[Groneman, Albert]
GRONEMAN (Albert), ook wel Groeneman, geb. te Keulen in 1710, overl. te 's Gravenhage (?) 6 Mei 1760, werd 15 Febr. 1732 in het leidsche album studiosorum ingeschreven. In 1736 werkte hij mede bij de feestviering ter herdenking van het 100-jarig bestaan der universiteit van Utrecht aldaar; drie jaar later (1739) is hij nog te Leiden bekend als een zeer bekwaam violist, wiens spel gelijkwaardig is aan dat van Locatelli. In den zomer van 1749 was hij muziekdirecteur van de publieke concerten die in de nieuwe Vauxhall aan den Scheveningschen Weg gegeven werden. Het volgend jaar (1750) werd hij aangesteld tot organist en klokkenist van de Groote Kerk te 's Gravenhage. In 1758 krankzinnig geworden, overleed hij 6 Mei 1760. 26 April 1756 werd door de auctionarissen C. Boucquet en M. Gaillard te 's Gravenhage geveild de beroemde clavecimbel van Johannes Rukkers en een partij moderne muziek van hem afkomstig (adv. Opr. Haarl. Cour. 10 Maart, 22 April 1756). Documenteel of authentiek is mij van hem bekend: XII Sonate a violino solo e basso opera prima (Amst. G.F. Witvogel); Sei sonate à due flauti traversieri e basso o violini opera seconda (Amst. J.J. Hummel).

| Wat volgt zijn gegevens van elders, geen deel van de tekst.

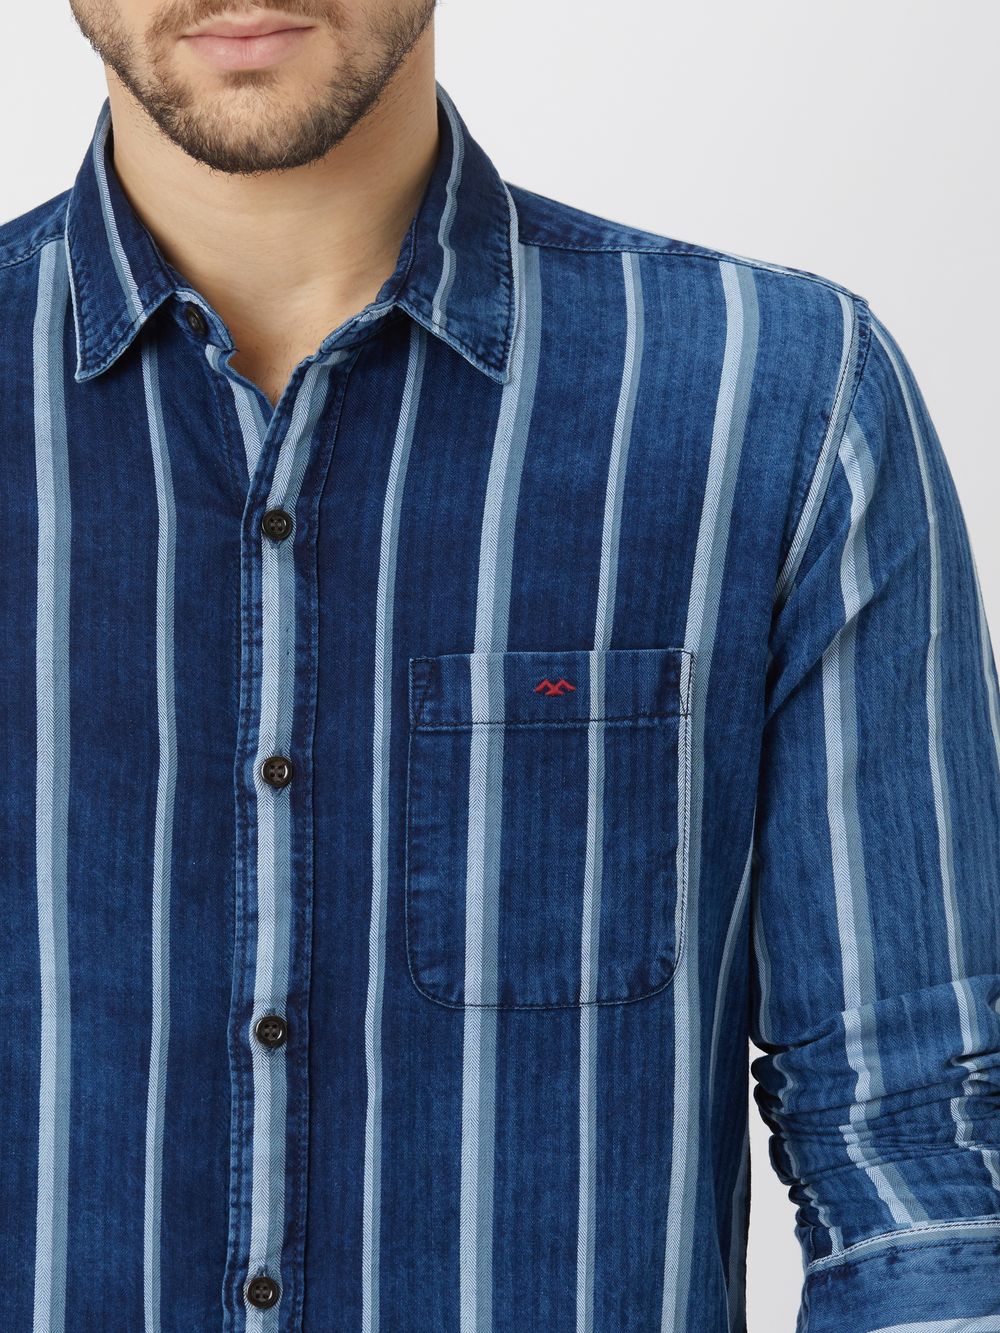 Indigo Blue & White Tonal Stripe Shirt

Zie: Bouwsteenen, reg.; Mendel, Musikalisches Conversations-Lexikon IV (1880) 389; van Riemsdijk, Het Stadsmuziekcollegie te Utrecht 60; Eitner, Quellen- Lexikon IV (1901) 382; Alg. nederl. Familieblad XII (1895) 38; Tijdschr. muziekgesch. VII (1904) 281 vlg.; VIII (1908) 152; Cat. der muziekbibliotheek van D.F. Scheurleer III, 135; Scheurleer, Het muziekleven 54 vlg.